My memory was that dnf always tries the first server in the list first for downloads beyond the initial repodata, but will do some kinda randomized round-robin thing for downloading the repodata. I might be wrong on that, though. I might have been remembering the randomization that applies to the creation of the list as you describe above.

I don't think it's actually terribly important to this issue, though - for the use case in question, what we really want is basically a way to make the metalink system always result in the use of a single specific mirror.

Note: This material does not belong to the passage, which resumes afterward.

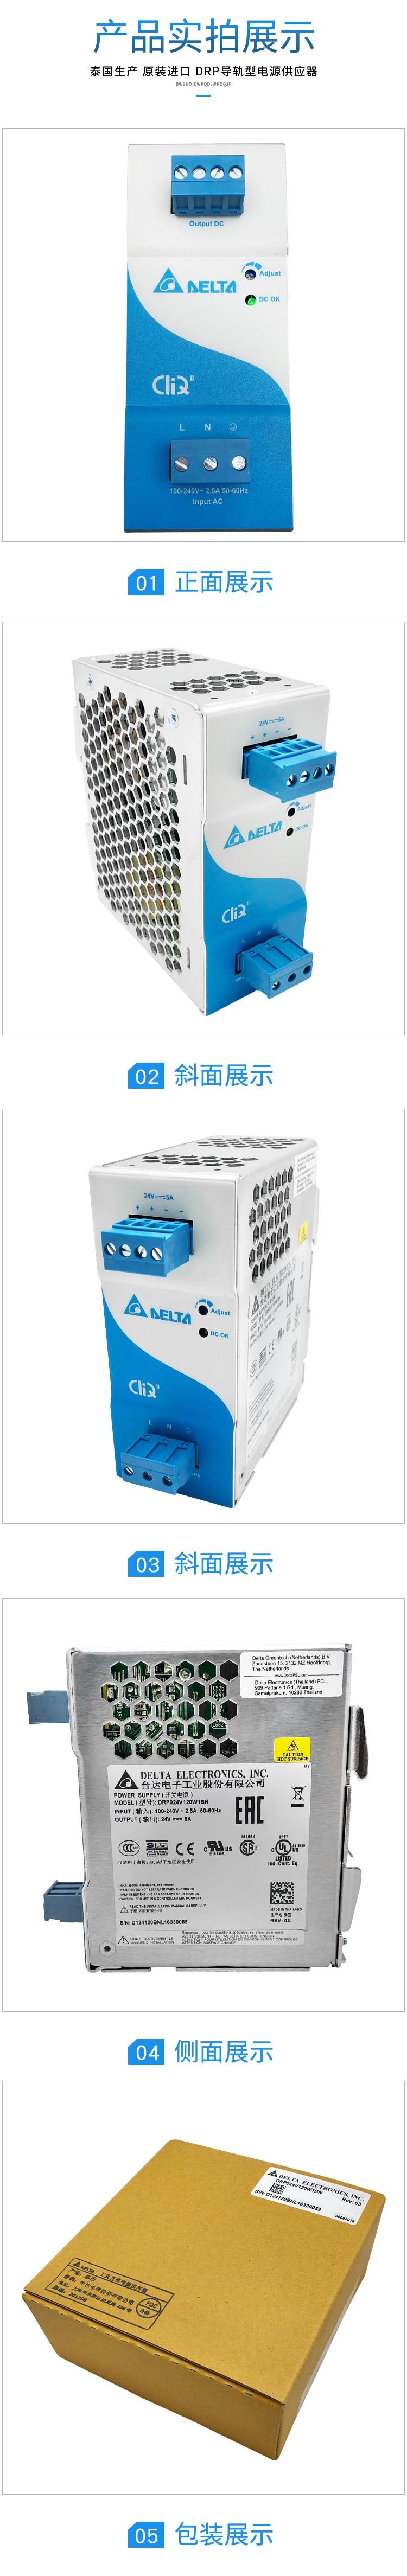 New in Box Delta Power Supply DRP024V120W1BN One Year Warranty!
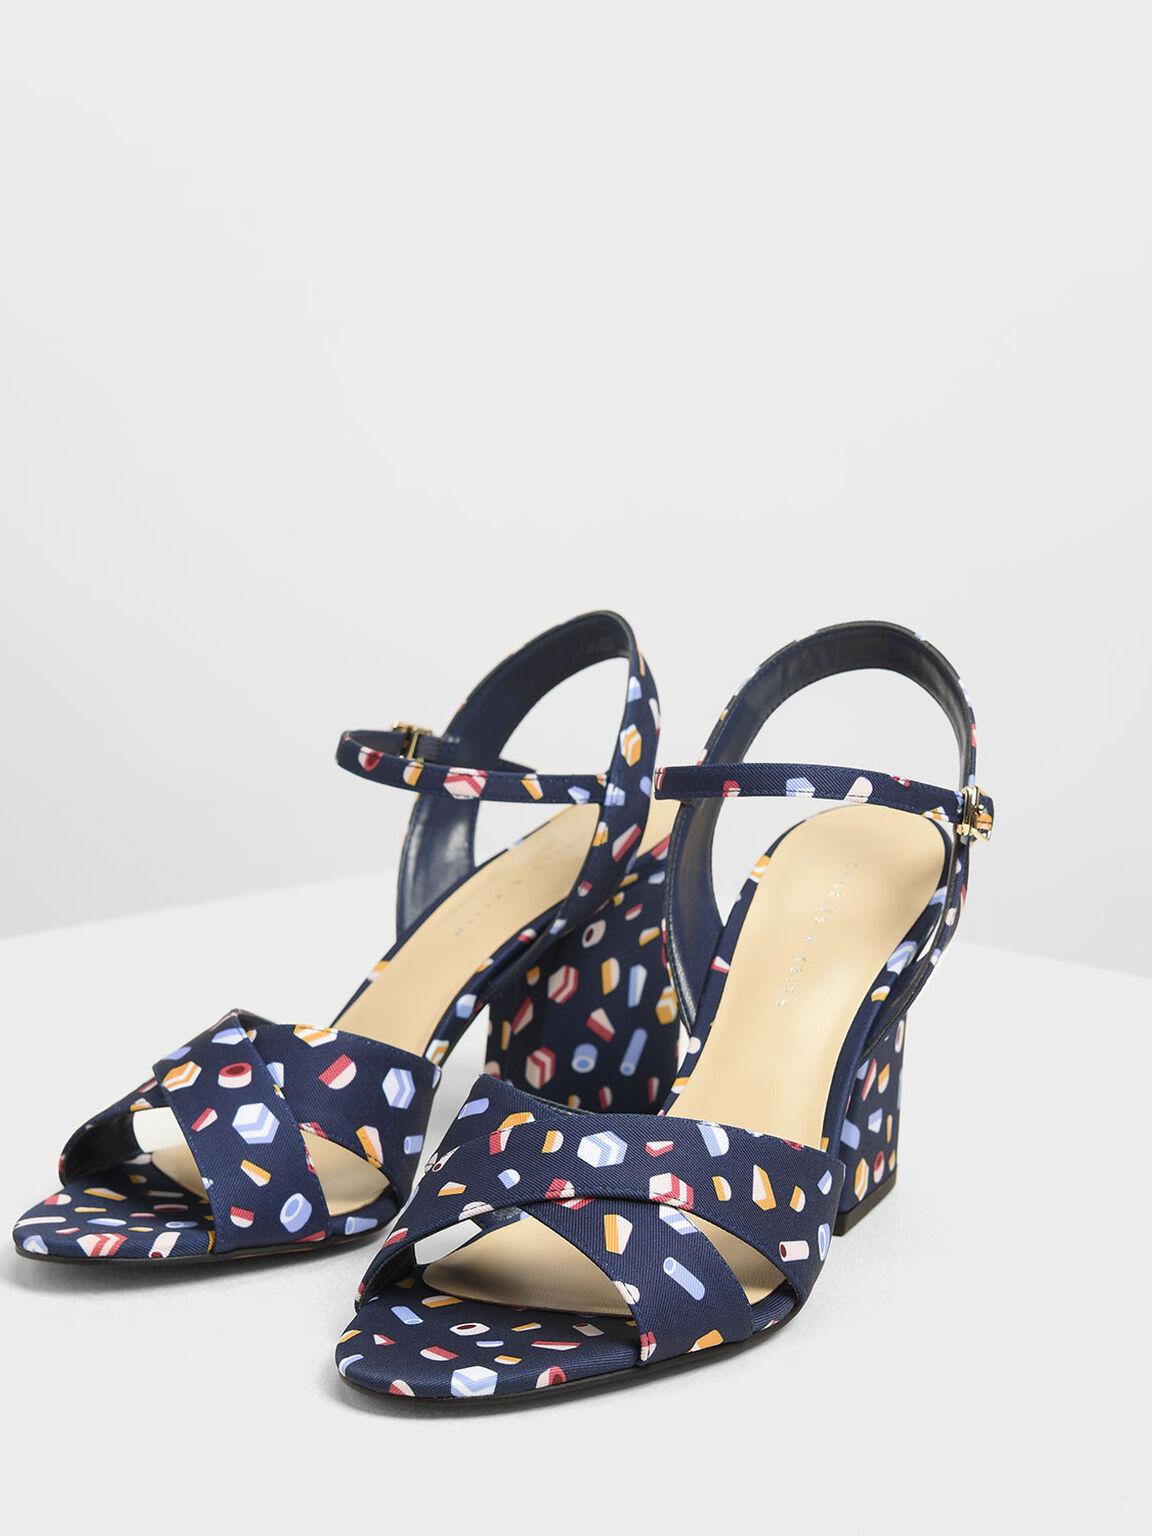 Criss Cross Printed Block Heel Sandals, Dark Blue, hi-res

If you have control of the SUT's repo config you can of course just overwrite it somehow, but often we cannot or do not want to rewrite the SUT's repo config.

edit: I'll try hand constructing a metalink of the format I'm envisioning and see if it actually works, that shouldn't be too hard.

[adrianreber]

From my point of view the main question is how does DNF react if no checksums are in the metalink. If that works it should be doable to implement what you need.

[AdamWill]

So in a quick test (sorry, I went on PTO...) this seems to work. I constructed a metalink file thus, with no timestamp, file size or verification block:

<?xml version="1.0" encoding="utf-8"?>
<metalink version="3.0" xmlns="http://www.metalinker.org/" type="dynamic" pubdate="Thu, 07 Nov 2024 22:12:57 GMT" generator="mirrormanager" xmlns:mm0="http://fedorahosted.org/mirrormanager">
 <files>
  <file name="repomd.xml">
   <resources maxconnections="1">
    <url protocol="http" type="http" location="CA" preference="100">http://fedora.mirror.iweb.com/linux/development/41/Everything/x86_64/os/repodata/repomd.xml</url>
   </resources>
  </file>
 </files>
</metalink>

and saved it as /tmp/test.metalink . I created a repo file thus:

[mltest]
name=mltest
metalink=file:///tmp/test.metalink
enabled=1
metadata_expire=1
repo_gpgcheck=0
type=rpm
gpgcheck=1
gpgkey=file:///etc/pki/rpm-gpg/RPM-GPG-KEY-fedora-$releasever-$basearch
skip_if_unavailable=False

then I did dnf --disablerepo=* --enablerepo=mltest repoquery --info gedit. It downloaded the metadata, and worked.